AMD Zen 5 RDSEED bug threatens cryptographic key generation

AMD has confirmed a hardware defect in the RDSEED instruction on Zen 5 processors that can return zero values for 16- and 32-bit reads, potentially weakening newly generated cryptographic keys; firmware and microcode updates are being distributed and users should apply vendor BIOS updates and consider regenerating sensitive keys.

AMD has acknowledged a hardware defect affecting the RDSEED instruction on its Zen 5 processors, logged as AMD-SB-7055 and assigned CVE-2025-62626. The company says the 16-bit and 32-bit forms of RDSEED can return zero values that may be misinterpreted as a successful entropy read, while the 64-bit form does not appear to be impacted. AMD rates the issue as high severity and emphasizes that RDSEED is a low-level source of entropy used for cryptographic keys and other security functions.

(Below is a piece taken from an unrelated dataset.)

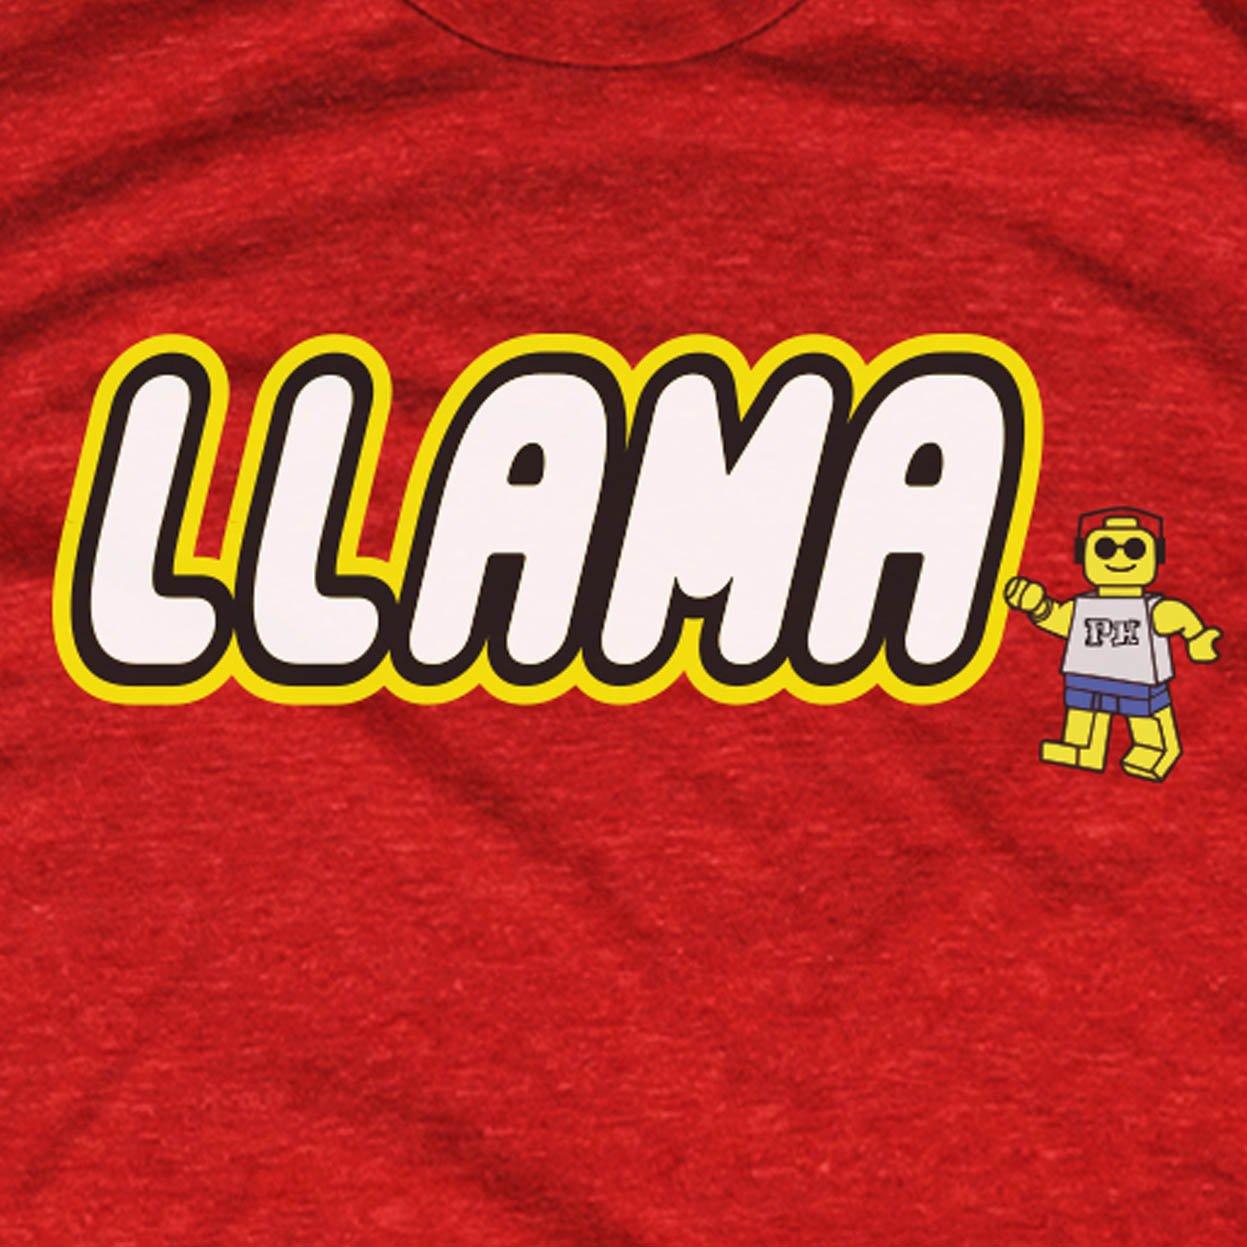 Phish Llama T-shirt
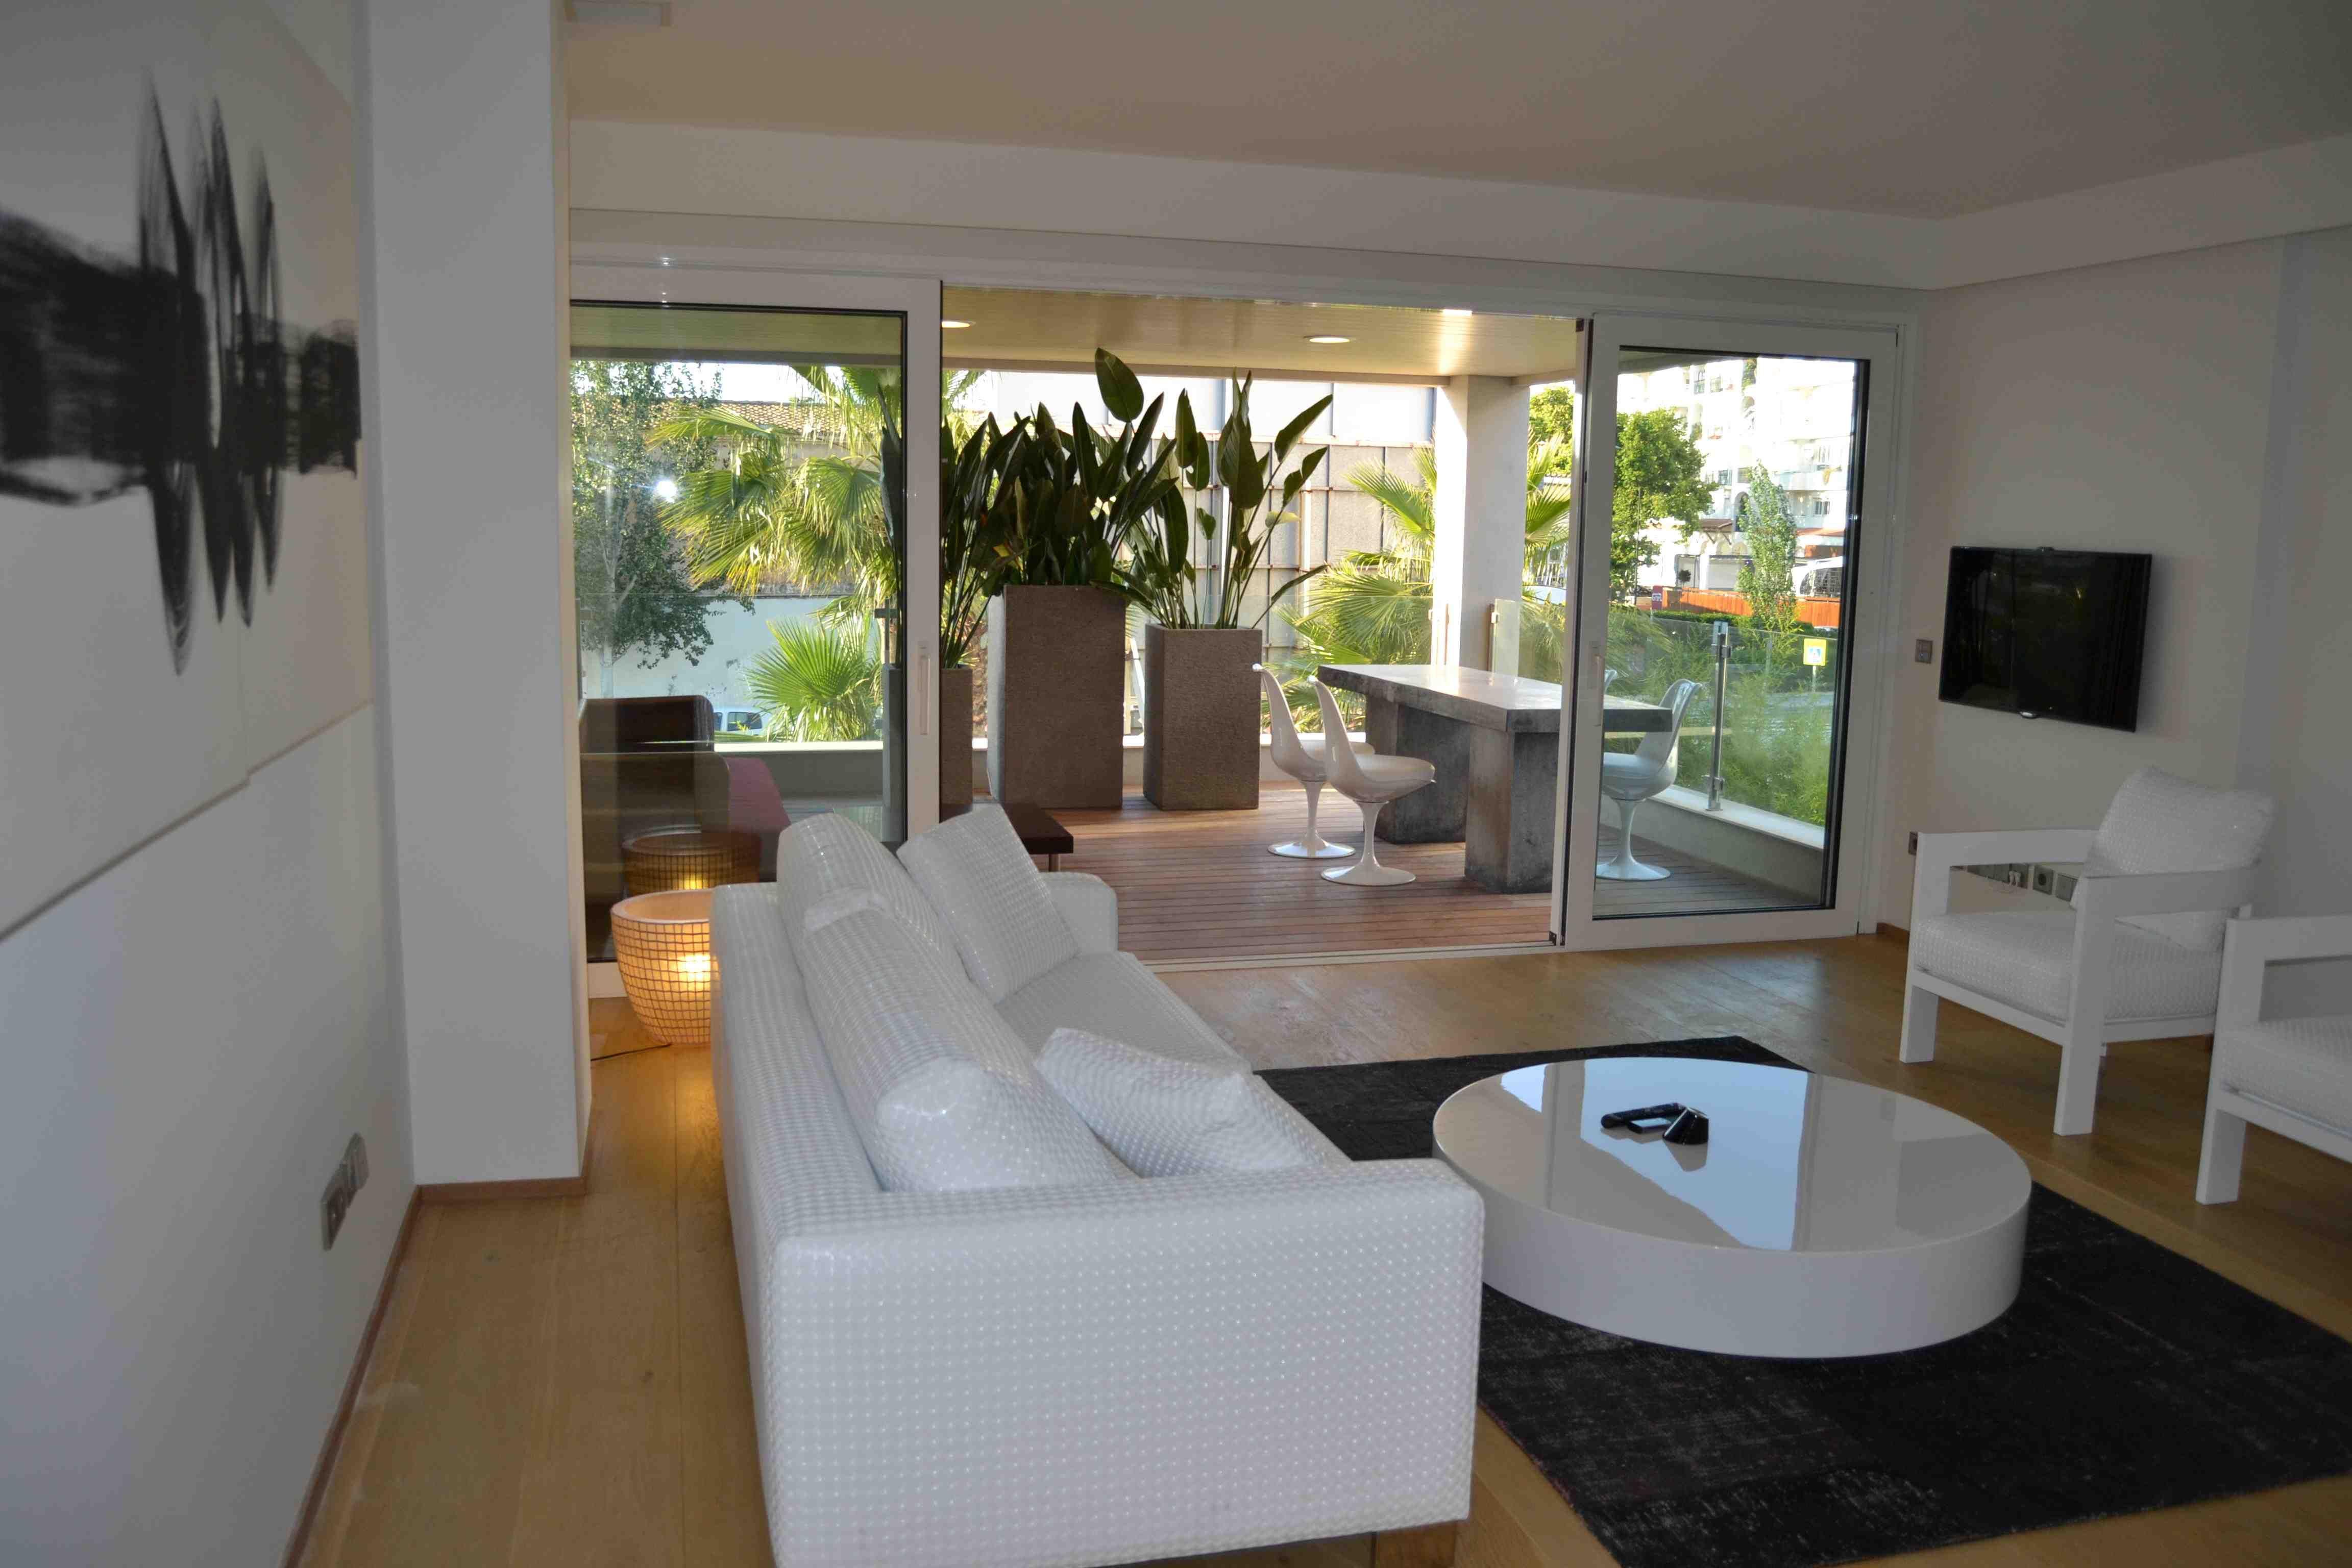 Wohnzimmer Luxus ~ Wohnzimmer luxus ferienvermietung

The immediate risk is that predictable or zero-valued entropy reads could produce weaker keys or nonces if software treats those returns as valid. As interim mitigations, AMD recommends preferring the 64-bit RDSEED path where possible, masking the affected RDSEED forms from software discovery, or treating a zero return as a failure and retrying. The company is distributing firmware and microcode updates to original equipment manufacturers to correct the issue.

AMD’s advisory lists product-family target dates for fixes, including AGESA TurinPI 1.0.0.8 for EPYC 9005 with a target date of November 14, 2025, and target timelines for consumer families in late November 2025. Users are advised to install vendor BIOS and microcode updates when they become available and to consider regenerating any sensitive keys created on unpatched systems. Until updates are applied, following the suggested software workarounds can reduce exposure.